* What is being asked
What is needed is an exact copy of every line in the listing.

* Supplied material
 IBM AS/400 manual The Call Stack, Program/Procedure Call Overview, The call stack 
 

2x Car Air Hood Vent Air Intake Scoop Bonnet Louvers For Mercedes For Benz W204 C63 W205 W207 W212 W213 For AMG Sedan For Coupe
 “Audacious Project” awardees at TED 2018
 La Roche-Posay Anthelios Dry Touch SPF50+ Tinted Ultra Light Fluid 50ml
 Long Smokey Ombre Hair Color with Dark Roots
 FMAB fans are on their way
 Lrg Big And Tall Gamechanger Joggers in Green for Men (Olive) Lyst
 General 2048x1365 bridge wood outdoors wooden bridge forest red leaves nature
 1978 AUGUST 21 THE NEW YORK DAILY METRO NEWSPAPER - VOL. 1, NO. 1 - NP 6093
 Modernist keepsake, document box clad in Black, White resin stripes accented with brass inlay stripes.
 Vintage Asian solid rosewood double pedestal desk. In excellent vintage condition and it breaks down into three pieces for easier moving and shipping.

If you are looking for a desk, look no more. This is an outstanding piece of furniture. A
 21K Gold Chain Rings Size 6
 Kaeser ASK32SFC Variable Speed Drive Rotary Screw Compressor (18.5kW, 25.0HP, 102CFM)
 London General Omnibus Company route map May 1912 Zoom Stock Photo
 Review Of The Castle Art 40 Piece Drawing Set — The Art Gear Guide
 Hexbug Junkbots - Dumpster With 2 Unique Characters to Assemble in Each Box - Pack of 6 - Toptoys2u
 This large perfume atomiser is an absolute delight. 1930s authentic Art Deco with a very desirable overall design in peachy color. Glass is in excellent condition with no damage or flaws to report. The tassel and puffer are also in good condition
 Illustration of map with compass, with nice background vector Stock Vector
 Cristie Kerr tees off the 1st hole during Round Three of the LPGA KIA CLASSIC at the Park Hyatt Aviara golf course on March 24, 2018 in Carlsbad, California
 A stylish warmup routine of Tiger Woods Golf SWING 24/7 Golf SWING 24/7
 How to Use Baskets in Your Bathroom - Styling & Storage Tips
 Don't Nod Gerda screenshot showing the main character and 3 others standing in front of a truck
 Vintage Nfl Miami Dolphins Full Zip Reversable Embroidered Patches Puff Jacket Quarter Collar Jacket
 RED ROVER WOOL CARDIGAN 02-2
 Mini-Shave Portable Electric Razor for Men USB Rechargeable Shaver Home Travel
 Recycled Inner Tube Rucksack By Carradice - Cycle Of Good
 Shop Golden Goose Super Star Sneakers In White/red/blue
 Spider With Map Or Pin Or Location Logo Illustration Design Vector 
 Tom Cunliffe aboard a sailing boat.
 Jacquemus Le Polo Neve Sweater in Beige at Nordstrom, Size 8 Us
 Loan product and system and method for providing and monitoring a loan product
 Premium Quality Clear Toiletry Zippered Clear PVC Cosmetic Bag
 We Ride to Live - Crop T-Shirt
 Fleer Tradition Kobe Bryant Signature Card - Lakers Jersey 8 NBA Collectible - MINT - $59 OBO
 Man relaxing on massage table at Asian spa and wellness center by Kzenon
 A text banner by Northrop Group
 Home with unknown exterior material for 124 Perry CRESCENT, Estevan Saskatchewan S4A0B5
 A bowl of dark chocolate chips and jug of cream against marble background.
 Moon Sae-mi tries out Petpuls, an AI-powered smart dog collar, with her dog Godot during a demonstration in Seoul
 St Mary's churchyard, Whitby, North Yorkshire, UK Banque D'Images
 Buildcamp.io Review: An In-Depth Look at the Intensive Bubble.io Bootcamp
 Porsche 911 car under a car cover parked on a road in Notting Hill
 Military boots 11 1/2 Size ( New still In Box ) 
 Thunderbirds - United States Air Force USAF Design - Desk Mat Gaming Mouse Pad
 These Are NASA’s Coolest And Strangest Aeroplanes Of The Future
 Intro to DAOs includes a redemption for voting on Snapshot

* Exercise answer
 IBM AS/400 manual The Call Stack, Program/Procedure Call Overview, The call stack 
 

2x Car Air Hood Vent Air Intake Scoop Bonnet Louvers For Mercedes For Benz W204 C63 W205 W207 W212 W213 For AMG Sedan For Coupe
 “Audacious Project” awardees at TED 2018
 La Roche-Posay Anthelios Dry Touch SPF50+ Tinted Ultra Light Fluid 50ml
 Long Smokey Ombre Hair Color with Dark Roots
 FMAB fans are on their way
 Lrg Big And Tall Gamechanger Joggers in Green for Men (Olive) Lyst
 General 2048x1365 bridge wood outdoors wooden bridge forest red leaves nature
 1978 AUGUST 21 THE NEW YORK DAILY METRO NEWSPAPER - VOL. 1, NO. 1 - NP 6093
 Modernist keepsake, document box clad in Black, White resin stripes accented with brass inlay stripes.
 Vintage Asian solid rosewood double pedestal desk. In excellent vintage condition and it breaks down into three pieces for easier moving and shipping.

If you are looking for a desk, look no more. This is an outstanding piece of furniture. A
 21K Gold Chain Rings Size 6
 Kaeser ASK32SFC Variable Speed Drive Rotary Screw Compressor (18.5kW, 25.0HP, 102CFM)
 London General Omnibus Company route map May 1912 Zoom Stock Photo
 Review Of The Castle Art 40 Piece Drawing Set — The Art Gear Guide
 Hexbug Junkbots - Dumpster With 2 Unique Characters to Assemble in Each Box - Pack of 6 - Toptoys2u
 This large perfume atomiser is an absolute delight. 1930s authentic Art Deco with a very desirable overall design in peachy color. Glass is in excellent condition with no damage or flaws to report. The tassel and puffer are also in good condition
 Illustration of map with compass, with nice background vector Stock Vector
 Cristie Kerr tees off the 1st hole during Round Three of the LPGA KIA CLASSIC at the Park Hyatt Aviara golf course on March 24, 2018 in Carlsbad, California
 A stylish warmup routine of Tiger Woods Golf SWING 24/7 Golf SWING 24/7
 How to Use Baskets in Your Bathroom - Styling & Storage Tips
 Don't Nod Gerda screenshot showing the main character and 3 others standing in front of a truck
 Vintage Nfl Miami Dolphins Full Zip Reversable Embroidered Patches Puff Jacket Quarter Collar Jacket
 RED ROVER WOOL CARDIGAN 02-2
 Mini-Shave Portable Electric Razor for Men USB Rechargeable Shaver Home Travel
 Recycled Inner Tube Rucksack By Carradice - Cycle Of Good
 Shop Golden Goose Super Star Sneakers In White/red/blue
 Spider With Map Or Pin Or Location Logo Illustration Design Vector 
 Tom Cunliffe aboard a sailing boat.
 Jacquemus Le Polo Neve Sweater in Beige at Nordstrom, Size 8 Us
 Loan product and system and method for providing and monitoring a loan product
 Premium Quality Clear Toiletry Zippered Clear PVC Cosmetic Bag
 We Ride to Live - Crop T-Shirt
 Fleer Tradition Kobe Bryant Signature Card - Lakers Jersey 8 NBA Collectible - MINT - $59 OBO
 Man relaxing on massage table at Asian spa and wellness center by Kzenon
 A text banner by Northrop Group
 Home with unknown exterior material for 124 Perry CRESCENT, Estevan Saskatchewan S4A0B5
 A bowl of dark chocolate chips and jug of cream against marble background.
 Moon Sae-mi tries out Petpuls, an AI-powered smart dog collar, with her dog Godot during a demonstration in Seoul
 St Mary's churchyard, Whitby, North Yorkshire, UK Banque D'Images
 Buildcamp.io Review: An In-Depth Look at the Intensive Bubble.io Bootcamp
 Porsche 911 car under a car cover parked on a road in Notting Hill
 Military boots 11 1/2 Size ( New still In Box ) 
 Thunderbirds - United States Air Force USAF Design - Desk Mat Gaming Mouse Pad
 These Are NASA’s Coolest And Strangest Aeroplanes Of The Future
 Intro to DAOs includes a redemption for voting on Snapshot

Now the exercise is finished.